Now that commercial, as well as academic, gold lies within our potential grasp, past ways to achieve socially acceptable balances between competition and cooperation among scientists will be even harder to maintain. Our scientists will see the need not only to publish first, but also to be the first to file concomitant patent applications. In the past, scientific civility was greatly helped by individuals deciding to publish simultaneously even though one group might have been one to two months ahead in reaching the main conclusion. Unfortunately, patent law does not forgive being a few days late and the winner gets all.

For the foreseeable future, research sweat, as opposed to research fun, will thus increasingly dominate the day-to-day atmosphere of cancer research. We should not, however, moan too long for our past days of academic purity. Instead, we must accept our frenzied states as manifestations of our increasing scientific optimism that the splendid science of the past 30 years will soon lead to reduced feelings of dread when the physician's verdict is "cancer." But for us as academics to continue as vital forces in cancer research, we will necessarily have to act more and more like our more commercial compatriots. Expensive new genome technologies, for example, must not remain restricted to big pharmaceutical laboratories or well-capitalized biotech firms. Instead, they must become available to the academic community. Luckily, this is a year when federal funding for cancer research may greatly increase. If it is deployed well, academics such as ourselves can continue to be major players in turning cancer knowledge into cancer cures.

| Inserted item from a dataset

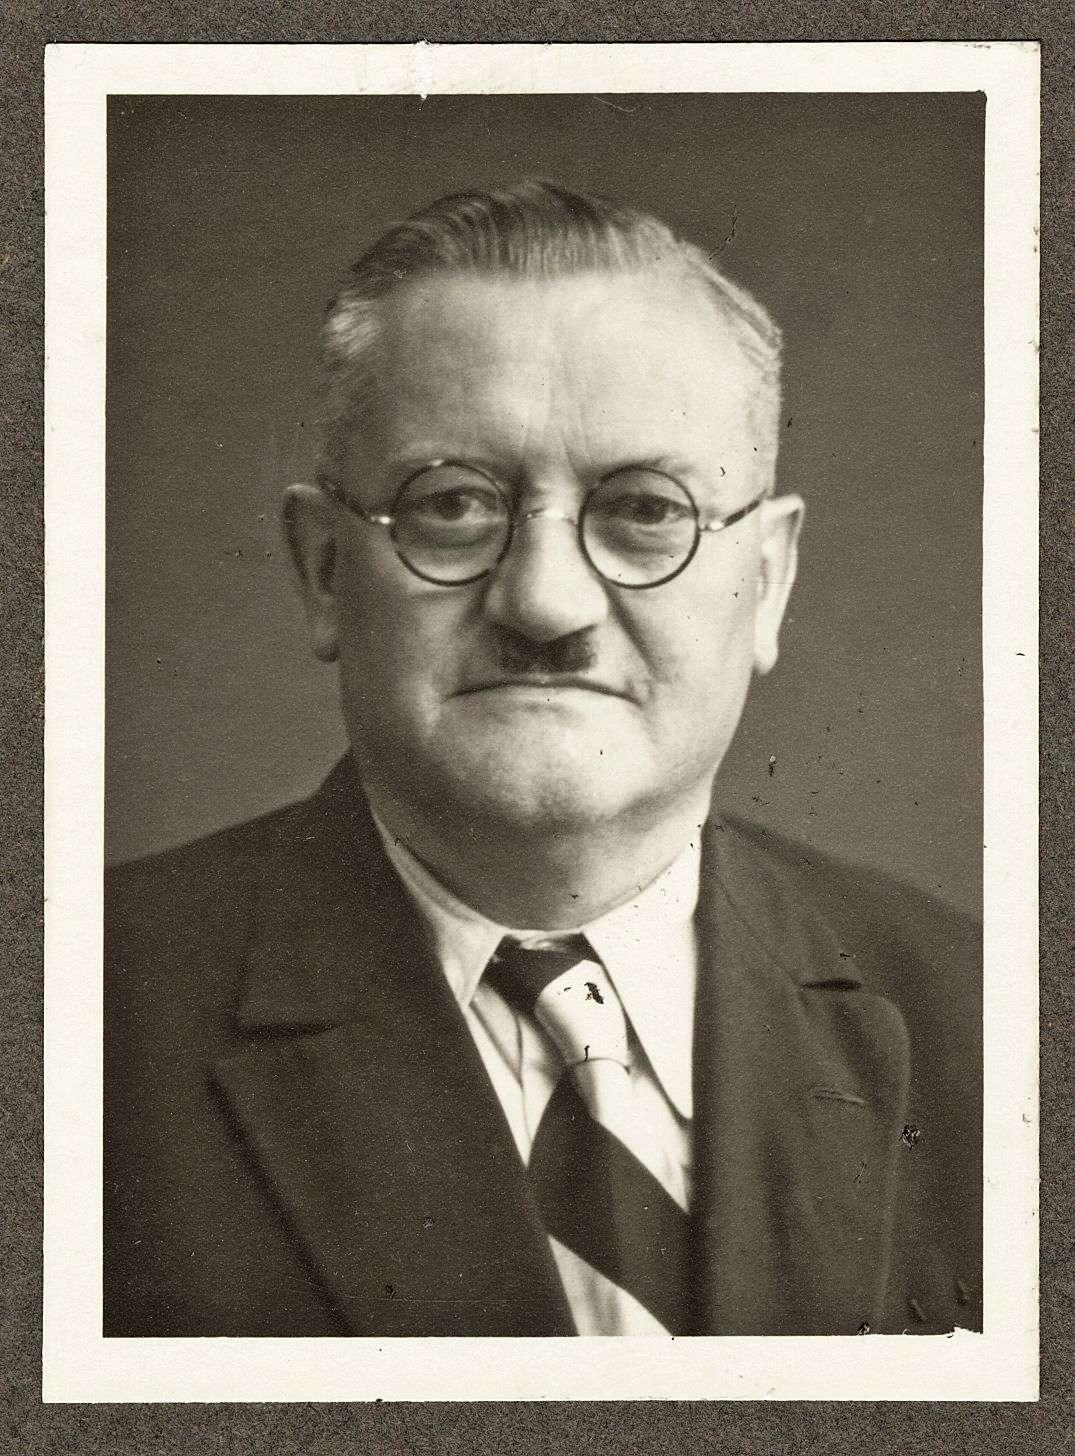 Schmidtbleicher, Hugo, Bild 1

In so working to remain an important player in cancer research, we must also see to it that Cold Spring Harbor Laboratory retains its cherished role in the broader world of biology and medicine. We must remain an institution primarily focused on the generation and dissemination of ideas as opposed to their commercial exploitation. One way to so continue is to strengthen even further our advanced teaching programs. Now we offer 25 courses in contrast to just one in 1945, when Max Delbrück taught the first phage course. But to keep our courses first-rate, we must constantly improve their laboratory facilities and equipment. Now, for example, only seven years after completion of our Beckman Lab, its teaching facilities are inadequate for teaching the new nerve cell imaging techniques. So we have just started construction of our new Edwin and Nancy Marks Imaging Building, with its completion anticipated as the new millennium starts.

We will always need warm and wise friends, like the Marks, who come to our aid when we need to move forward quickly. Manny Delbrück long helped us in this way. Soon after I became Director, she provided the funds that allowed us to transform the then-derelict Wawepex Laboratory into new dormitory space. In this way we were able to house the students for the new neurobiology courses to be given in newly renovated teaching space in McClintock Laboratory. Manny's help also made possible the new tennis courts on Bungtown Road on the way to the sand spit. Sadly, upon her death early this January, we have lost our last close connection to the first heroic period of phage research. Now, however, we should not weep too long for Manny but instead rejoice that she was so long a part of our lives. In the same way, we must not dwell too much on our loss of the former coziness of those Cold Spring Harbor summers that witnessed the coming of the phage world.

There will always exist those individuals who, like the early pioneers of the phage world or tumor virology, feel happiest in moving upon uncharted water. Today, the way precise information is stored in and retrieved from the human brain appears equally, if not more, mysterious than the necessarily fuzzy way I perceived the storing of genetic information during my first Cold Spring Harbor experience some 50 years ago. Small groups of young scientists, attracted by the prospect of not following their elders' paths, are bound to assemble again to meet this challenge.

As long as we remain a home for tough risk-takers, not caring too much whether or not there might be gunslingers among them, we should not worry too much about how the start of the forthcoming millennium will find us.